Most helpful comment

I can confirm that I have this issue when installing the master version.

All 14 comments

With Keras version 2.1.4, I am still having this issue.

ValueError: To callmulti_gpu_modelwithgpus=3, we expect the following devices to be available: ['/cpu:0', '/gpu:0', '/gpu:1', '/gpu:2']. However this machine only has: ['/cpu:0']. Try reducinggpus.

I can confirm that I have this issue when installing the master version.

Same problem for me with the last keras-2.1.6, any news on that?

Has anyone resolved issue? I have keras 2.1.6 also and am getting same issue
.

I think I see root cause. e.g. I am running "Deep Learning AMI (Ubuntu) Version 9.0 - ami-33f9e753". When I start Tensorflow, I see that the gpu's are being ignored because of the following:

"Ignoring visible gpu device (device: 3, name: GRID K520, pci bus id: 0000:00:06.0, compute capability: 3.0) with Cuda compute capability 3.0. The minimum required Cuda capability is 3.5."

I believe this might be due to improper build of CUDA and cudnn in the AMI. Several issues have been opened on this error. I think #4002 is the most likely cause (env flag changed).

Can anyone confirm?

@caugusta @ahendry2688 same issue here , I am using cudnn-7 with cuda 9.1

Hi,
Any update on this?
I have the same problem with cudnn-7, cuda 9.1, keras 2.2.2

Same problems here. Using GCP to train keras muli-gpu models. tf.device('/gpu:0') works fine but keras is not working.

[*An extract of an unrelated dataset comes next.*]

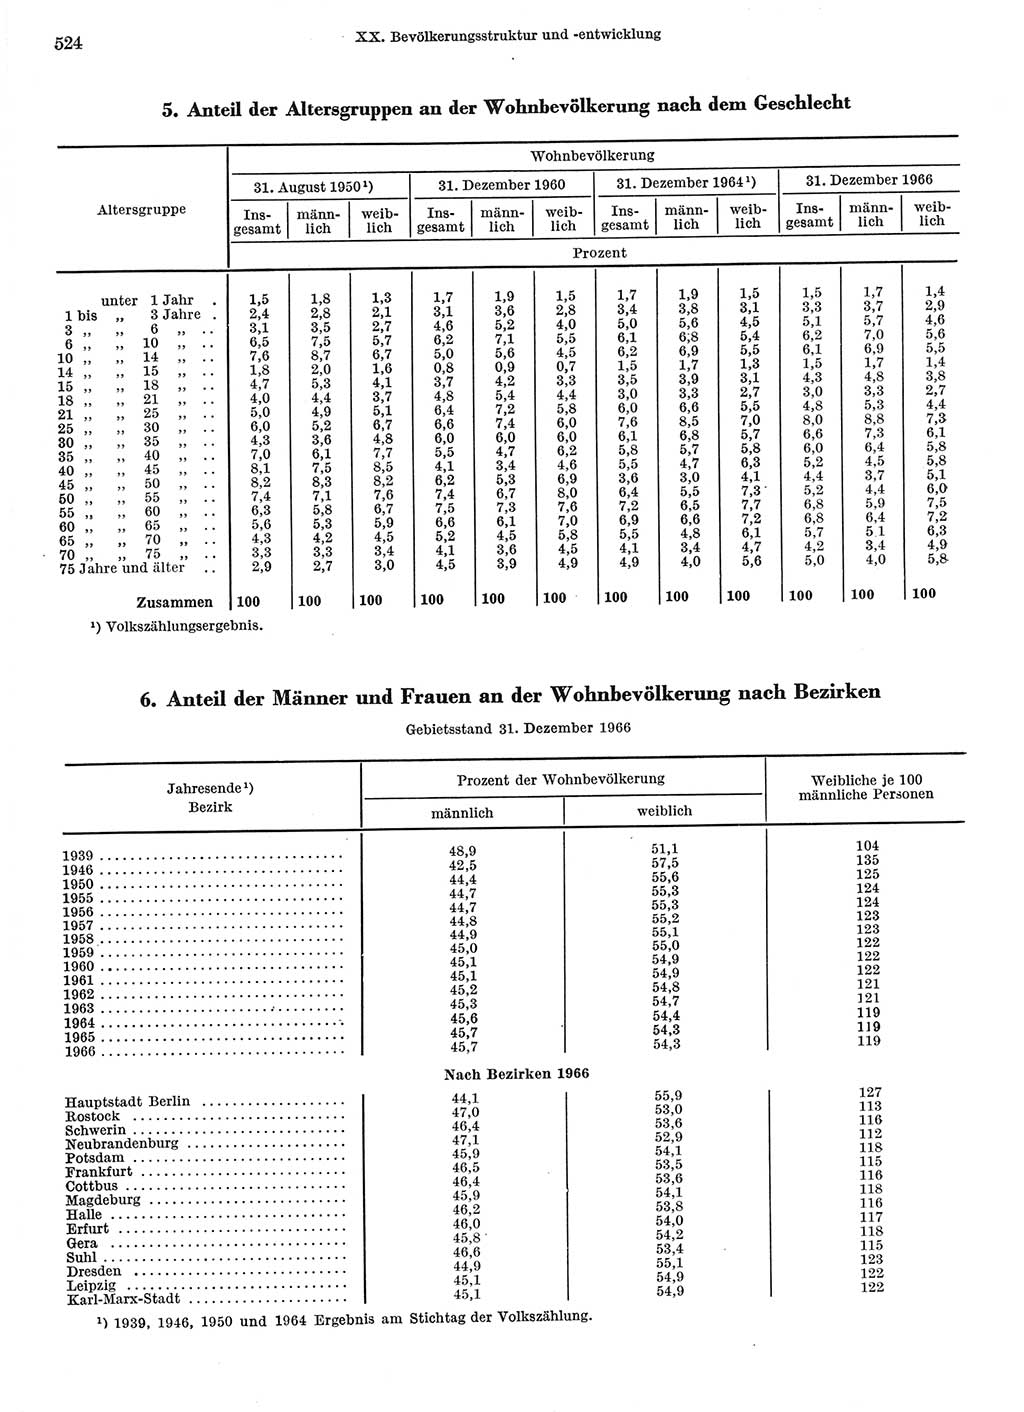 Statistisches Jahrbuch der Deutschen Demokratischen Republik (DDR) 1967, Seite 524 (Stat. Jb. DDR 1967, S. 524)
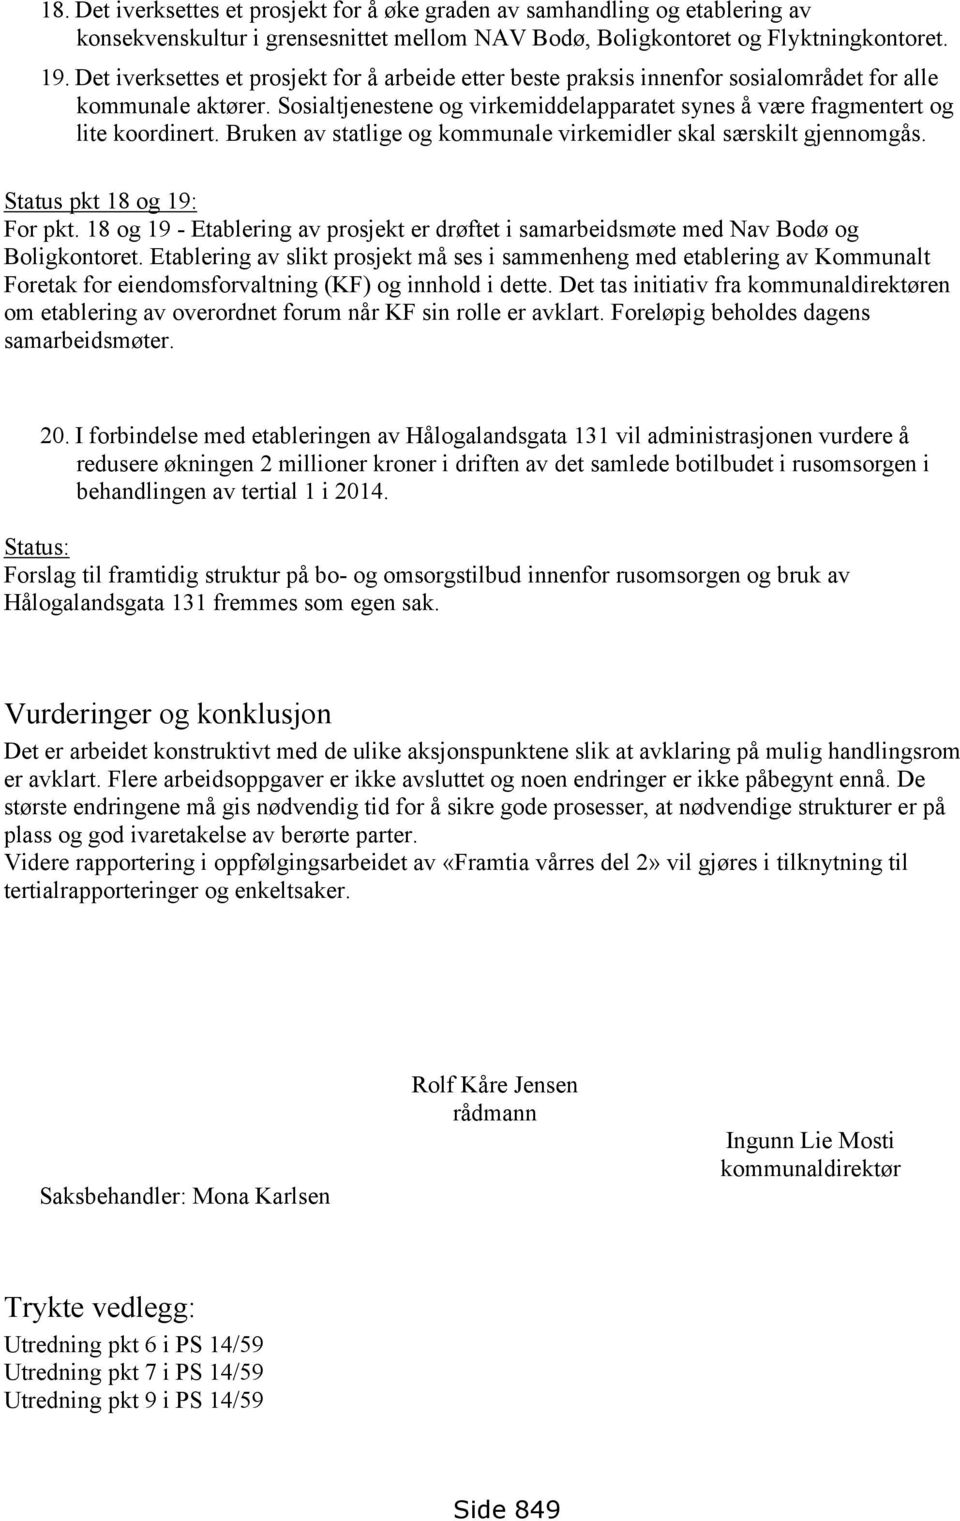 Bruken av statlige og kommunale virkemidler skal særskilt gjennomgås. Status pkt 18 og 19: For pkt. 18 og 19 - Etablering av prosjekt er drøftet i samarbeidsmøte med Nav Bodø og Boligkontoret.

I am having the same problem. Two weeks ago with keras 2.0.9, cudnn-7, cuda 9.1 keras multi-gpu mode worked well. Today it constantly shows me

ValueError: To call `multi_gpu_model` with `gpus=2`, we expect the following devices to be available: ['/cpu:0', '/gpu:0', '/gpu:1']. However thi s machine only has: ['/cpu:0', '/xla_cpu:0']. Try reducing `gpus`.

no matter which keras version I used. BTW, I tried from 2.0.9 to 2.2.4.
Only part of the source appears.